When the high-water line shifts over time, its status as public or private can be adjusted, to account for changes. If the water line shifts due to a one-time shock, the change is considered an “avulsion” event and the high-water line remains fixed to maintain stability in terms of property rights, explained George S. Reynolds, a Florida lawyer with experience in riparian cases. The “avulsive” change can either be induced artificially or via a natural event such as a hurricane. (If private land suddenly gets filled with water during a storm because a seawall broke, say, neighboring homeowners can’t suddenly start kayaking through their neighbor’s yard.)
Climate change falls somewhat in between. “There’s no ruling out there whether climate change is an avulsive event,” said Reynolds. “From 2010 to 2023, the water line changed. It’s perceptible, but day to day it’s imperceptible.”
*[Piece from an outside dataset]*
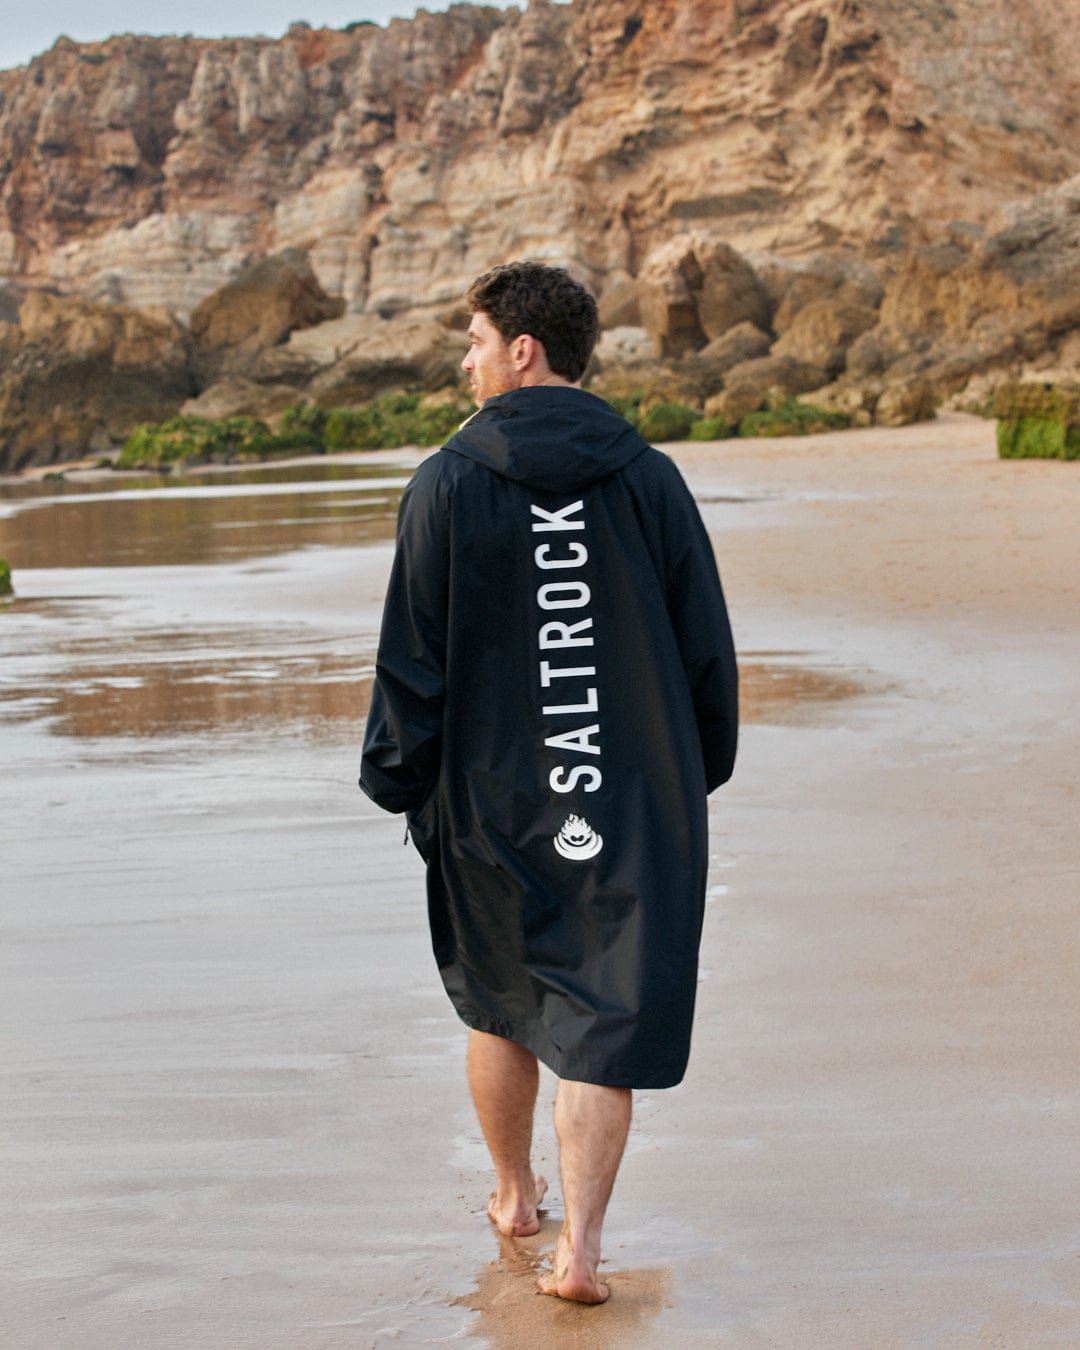 Man in a Saltrock-branded 3 in 1 Recycled Four Seasons Changing Robe - Black/Yellow walking on a sandy beach with rocky cliffs in the background.

The Swaim cases are reverberating through various government corridors, partially because they are hard to ignore. Swaim has filed more than 50 lawsuits in Broward and Palm Beach counties in a little over a decade, highlighting procedural gaps in the way coastal property rights and title are assessed. “You’re asking the court to determine if [a lot] was submerged in the 1840s and if there was an avulsion event,” Reynolds said of Swaim’s various lawsuits. “These courts are making decisions that could set a precedent that have ramifications for many other owners.”
In addition to the broader ramifications, Swaim has targeted a variety of government offices and officials in his suits, or at least required their input, putting a strain on government resources. That includes the cities of Boca Raton and Pompano Beach, county appraisers Marty Kiar and Nikolitz, the South Florida Water Management District, the State Attorney’s office, the Florida State Department of Highways, and the Florida Department of Environmental Protection, to name a few.
In response, there are ongoing attempts to address the matter through legislative or administrative means, said Reynolds, which Swaim himself has requested.
But in the meantime, Swaim appears to have free rein, as long as he’s willing to battle it out in court.
“He’s a genuine person and a land speculator; he’s not just a kook,” said Reynolds. “Property is a constitutional right and there are many properties out there that are submerged today that are not sovereign. If he can establish that he’s the lawful owner, he can demand [folks] remove improvements or pay him what he believes he’s owed.”
A lawyer involved in Swaim’s many suits was less sanguine about Swaim’s model of demanding ransom from residents who’ve spent years or decades kayaking, fishing and boating on what appears to be public water.
“This guy comes along, buys a piece of property and tries to weaponize it,” the lawyer said. “[My clients] are spending untold amounts getting their water back.”
But Swaim says he’s nonplussed by people assuming property rights don’t exist when the property is covered by water. “People get stupid when they see water,” he said.
In addition to the many parcels entangled in litigation, Swaim continues to target Intracoastal parcels with absentee owners, and sometimes gets calls from heirs or feuding family members to buy their land. He also plans to continue his campaign against fiber-optic companies that are, in his opinion, ignoring basic property laws with impunity.
“I already found them,” Swaim said. “I just don’t have the time to mess with them.”